Fewer updates means fewer chances to break things. That’s not the same as stability.

Installation (The Parts That Break)

The one-liner install works on Linux, macOS, and WSL2:

curl -fsSL https://raw.githubusercontent.com/NousResearch/hermes-agent/main/scripts/install.sh | bash

Native Windows is not supported. Install WSL2 first.

After installation:

  1. hermes setup – configure your LLM provider and model
  2. hermes memory setup – enable Honcho or another memory provider (critical, often skipped)
  3. hermes model – verify your model meets the 64K context requirement
  4. hermes – start the CLI

If coming from OpenClaw, run hermes claw migrate --dry-run to preview what gets imported before committing. It can migrate settings, memories, skills, and API keys automatically.

Common failure points: hermes-agent command not found (PATH issue, reload your shell), API key rejected (check for trailing whitespace when copy-pasting), Telegram bot not responding (MESSAGE CONTENT INTENT not enabled), local models failing tool calls (–jinja flag missing on llama-server).

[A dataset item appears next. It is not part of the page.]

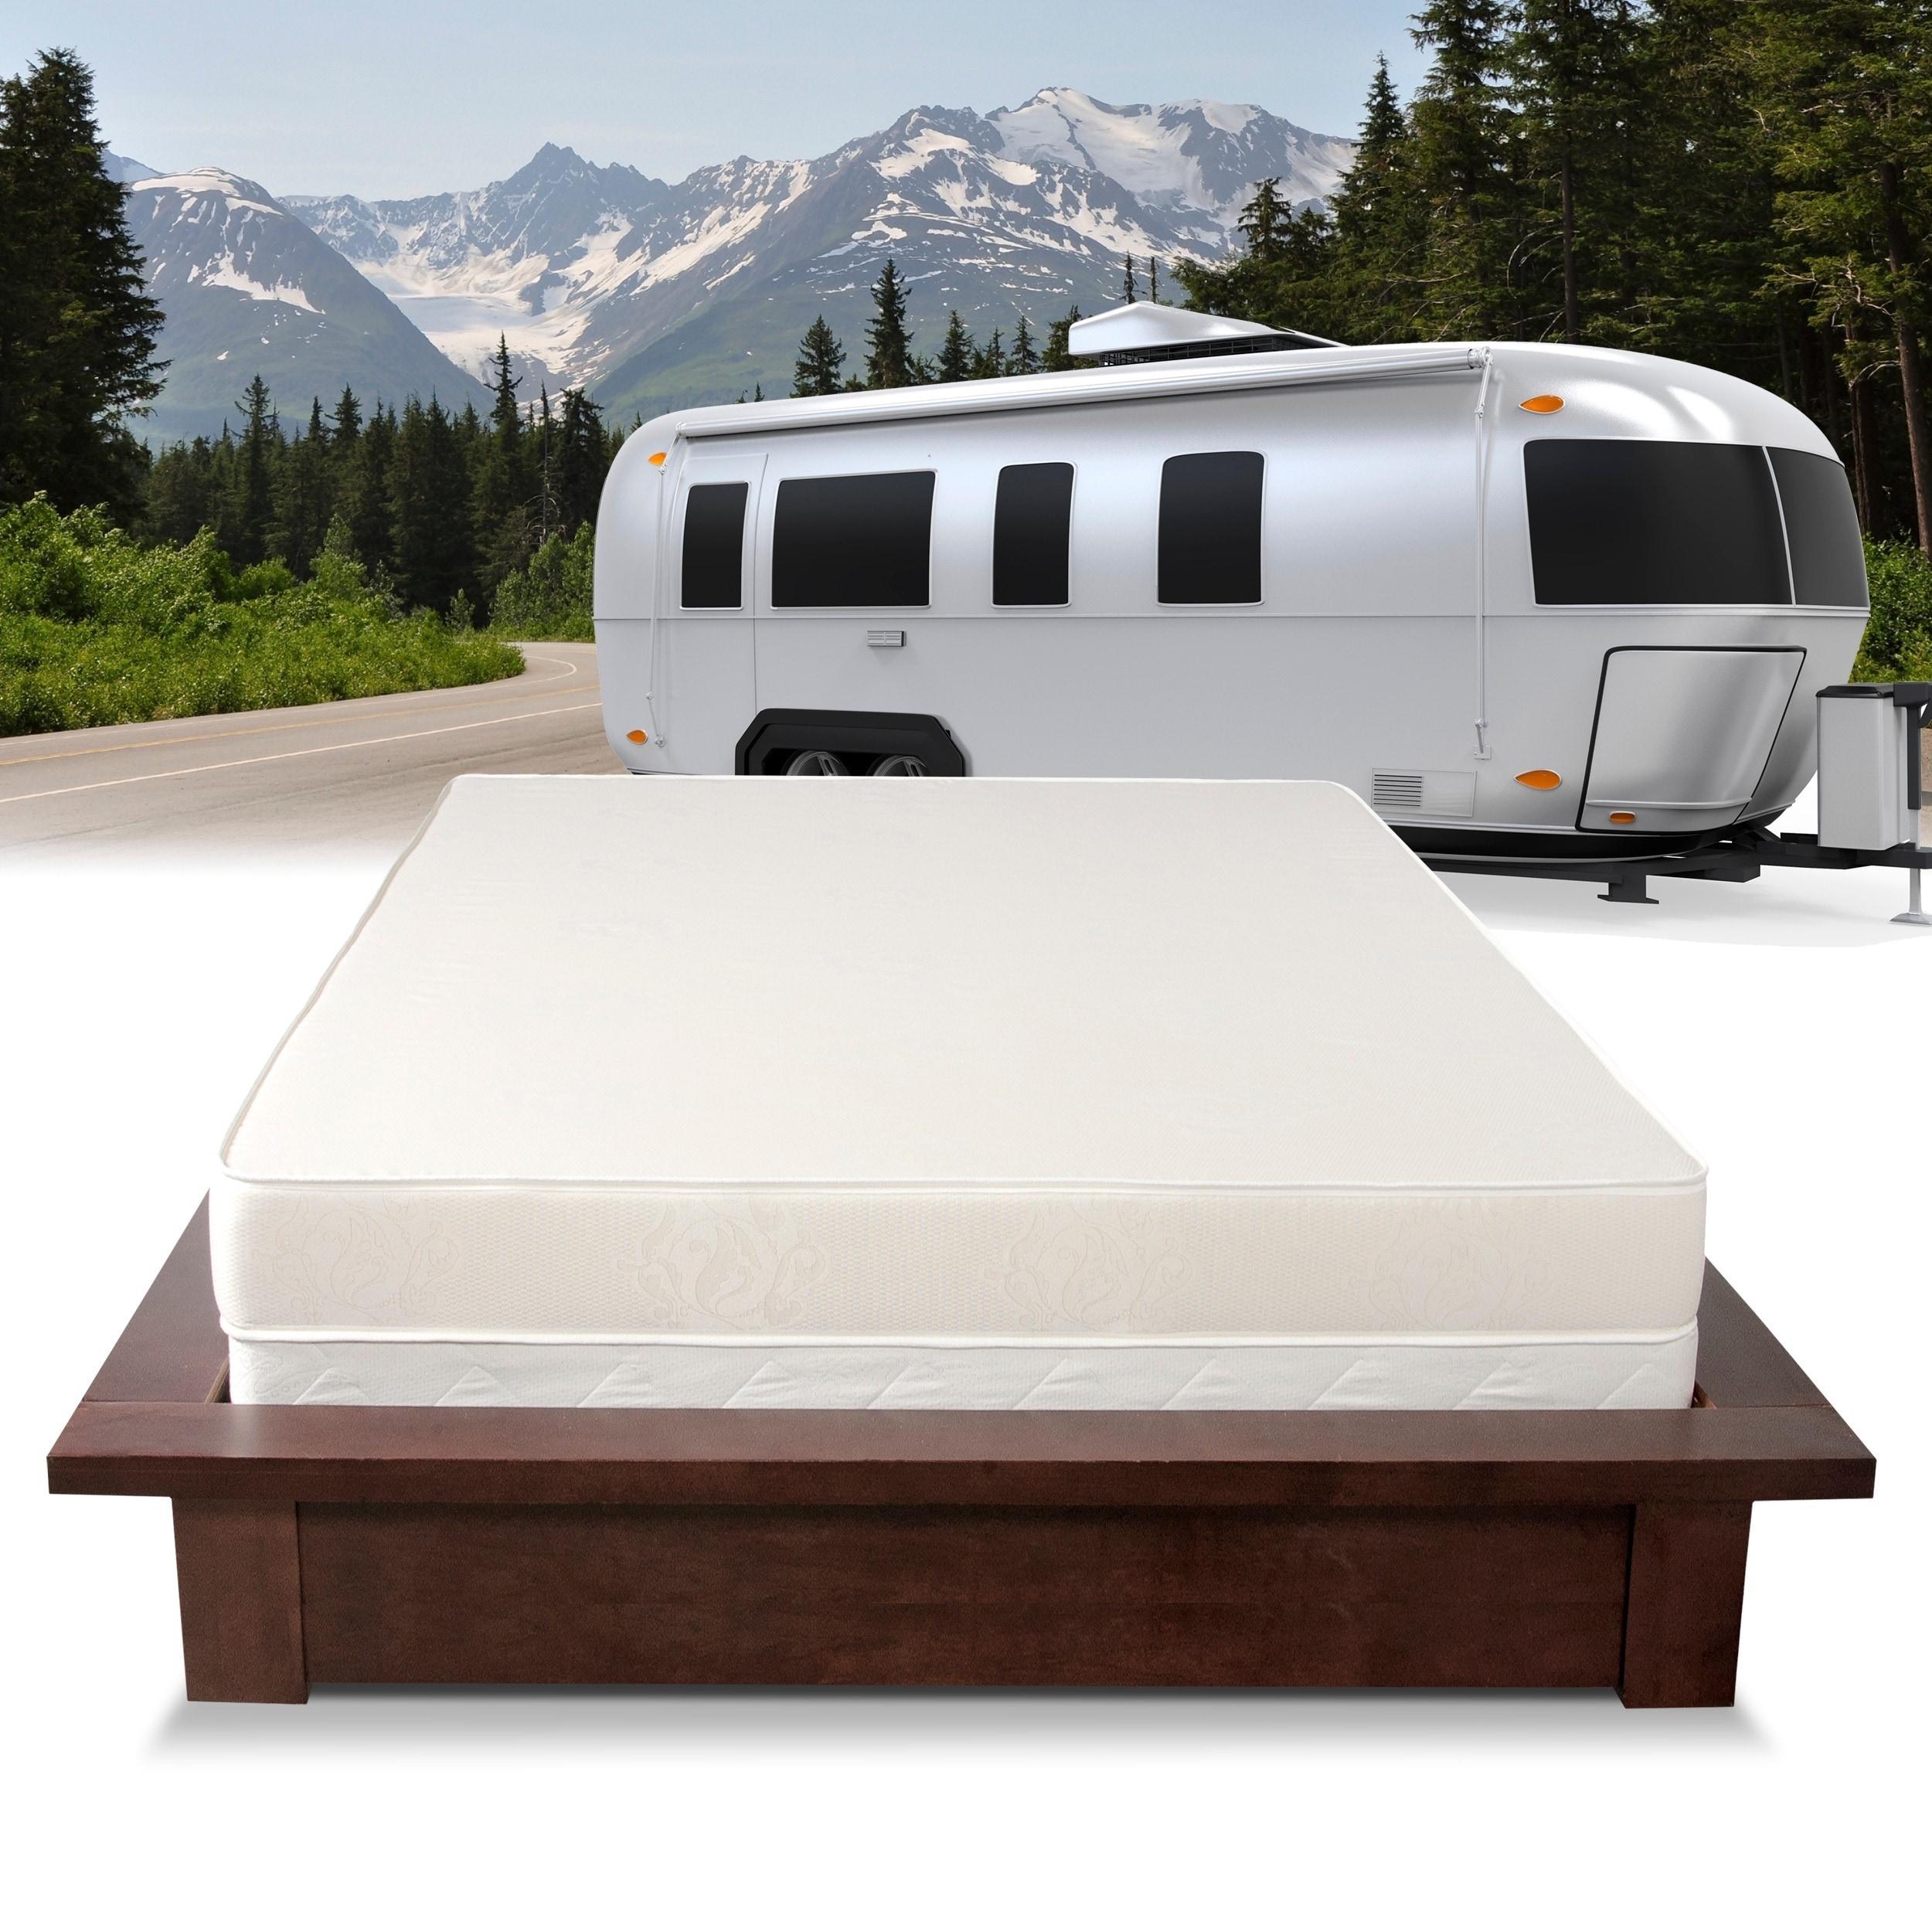 foam for memory sleep queen serenia rx your short rv mattress inch review

Run hermes doctor to diagnose issues.

What You Should Do Next

If you’re serious about trying Hermes, do this before you install anything:

Check whether your preferred model meets the 64K context requirement. If you’re using a local model, verify you have enough VRAM. If you’re using a cloud API, set a spending limit at your provider dashboard.

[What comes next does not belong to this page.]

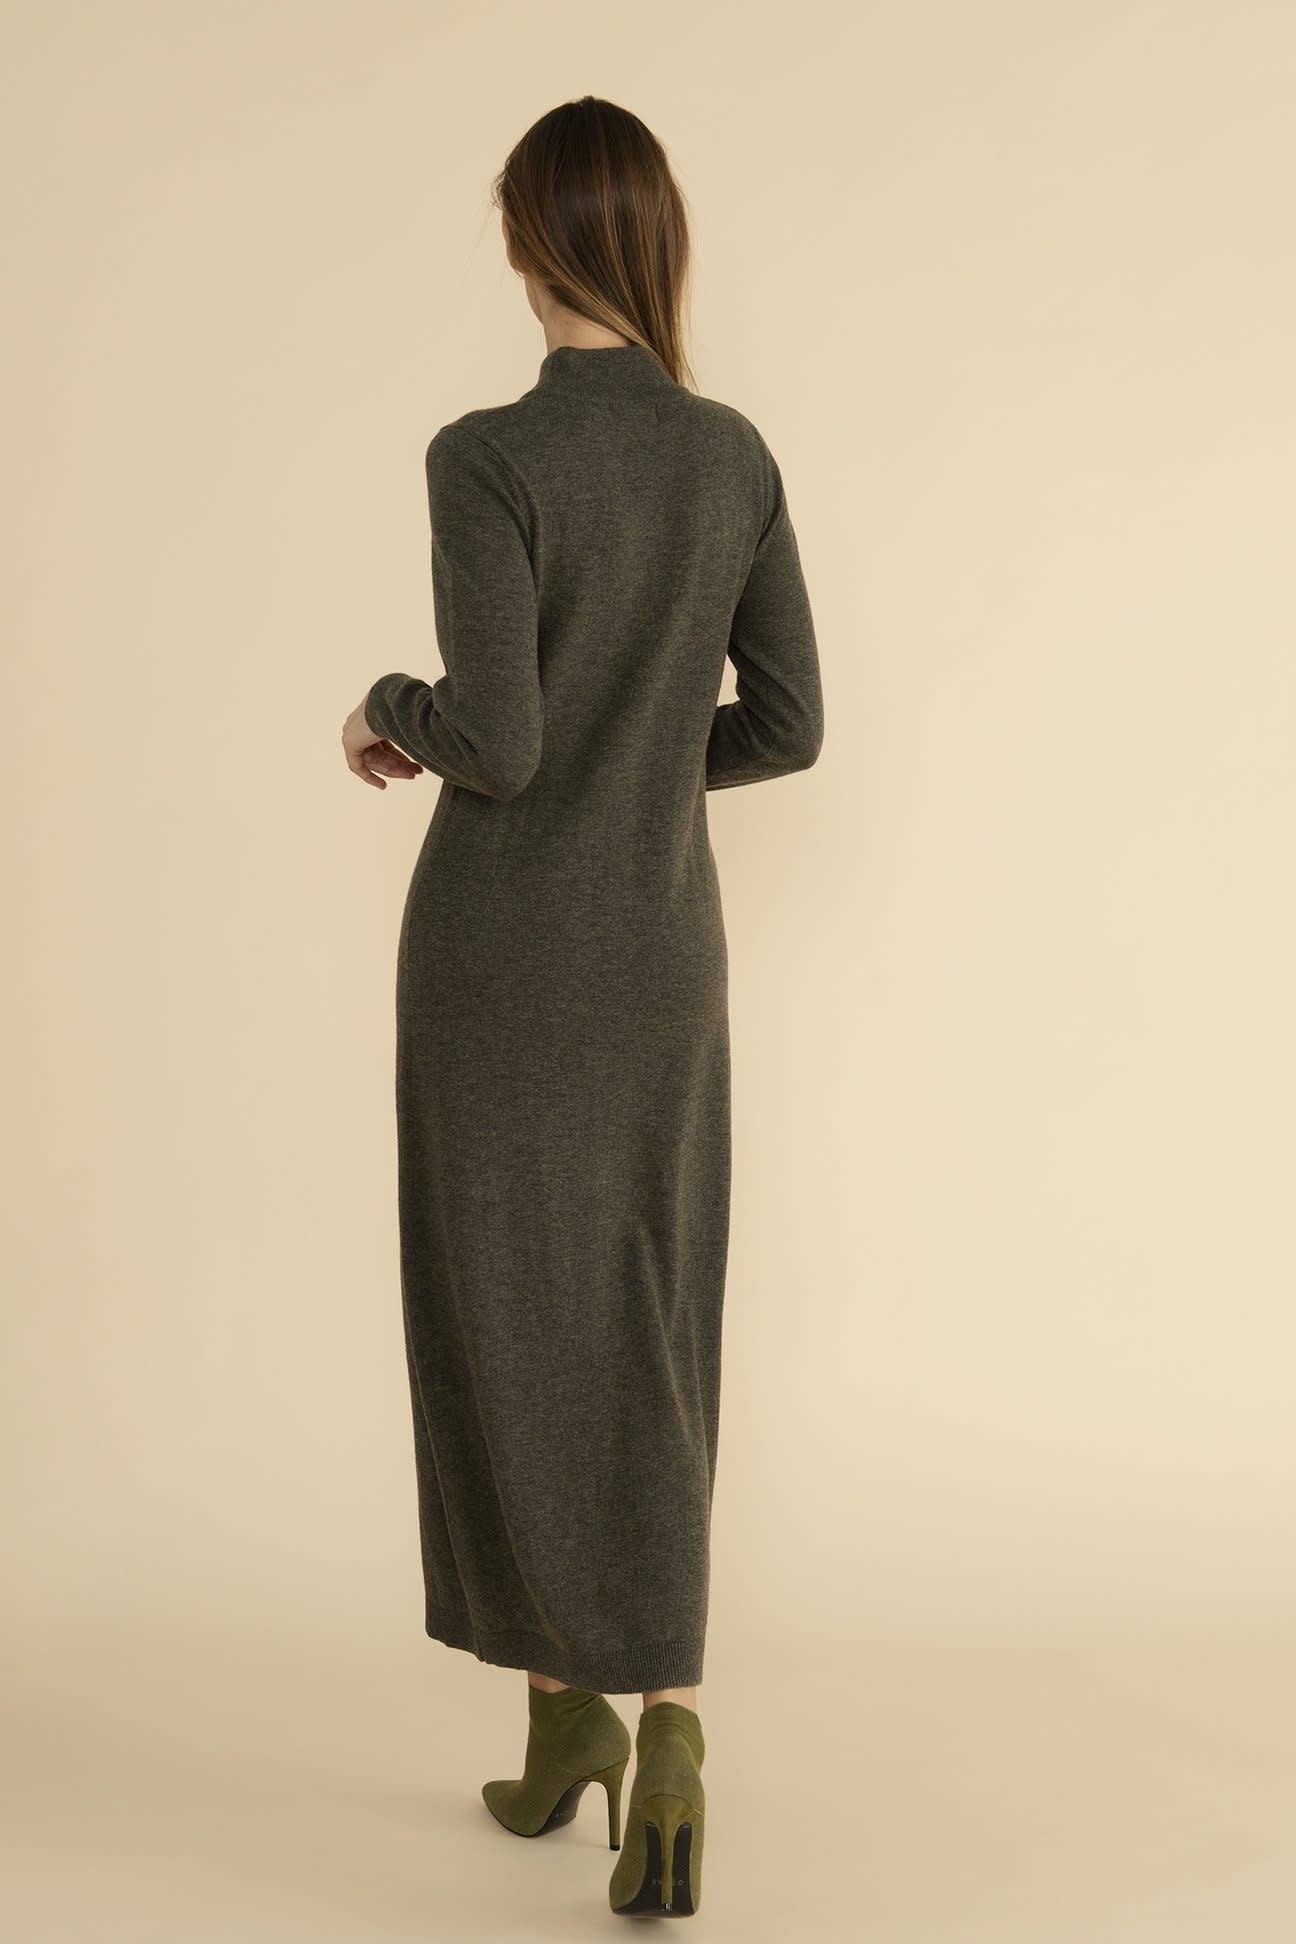 Iris dress Oscar-2

Decide whether you’re willing to enable Honcho manually. The self-learning features people talk about don’t work without it.

Understand that the gateway costs more tokens than the CLI. If you plan to use Telegram or Discord heavily, budget accordingly or stick to CLI for heavy work.

The official documentation covers everything else. The GitHub repository is actively maintained. The community is split between Hermes and OpenClaw, but both have real users shipping real work.

Hermes isn’t perfect. But if you’ve been frustrated by AI agents that forget everything between sessions, it’s worth the setup cost.

Can Hermes run completely offline with local models?

Yes. Point Hermes at an Ollama instance running locally with hermes model and select “Custom endpoint.” Enter http://localhost:11434/v1 (Ollama’s OpenAI-compatible endpoint). Your model must have at least 64K context – set this with --ctx-size 65536 when launching Ollama. Gemma 4 26B and Qwen 3.5 27B are the community-recommended local options. You’ll need 24GB+ VRAM or unified memory.

What’s the real monthly cost if I use cloud APIs heavily?

Community reports range from $15-80/month for typical use. One user hit $405 during a single large project. The framework is free (MIT license). Costs come entirely from LLM API usage. Telegram gateway uses 2-3x more tokens than CLI due to context loading. Set spend limits at your provider dashboard before you start.

Does Hermes actually remember things better than ChatGPT?

Only if you enable Honcho. By default, Hermes uses MEMORY.md (facts) and USER.md (preferences) that persist across sessions – better than ChatGPT’s session-only memory. But the “self-improving” features require explicit setup via hermes memory setup. MEMORY.md has a ~2,200 character limit. When full, the agent consolidates entries, and some details get lost. It’s better than nothing, but not perfect.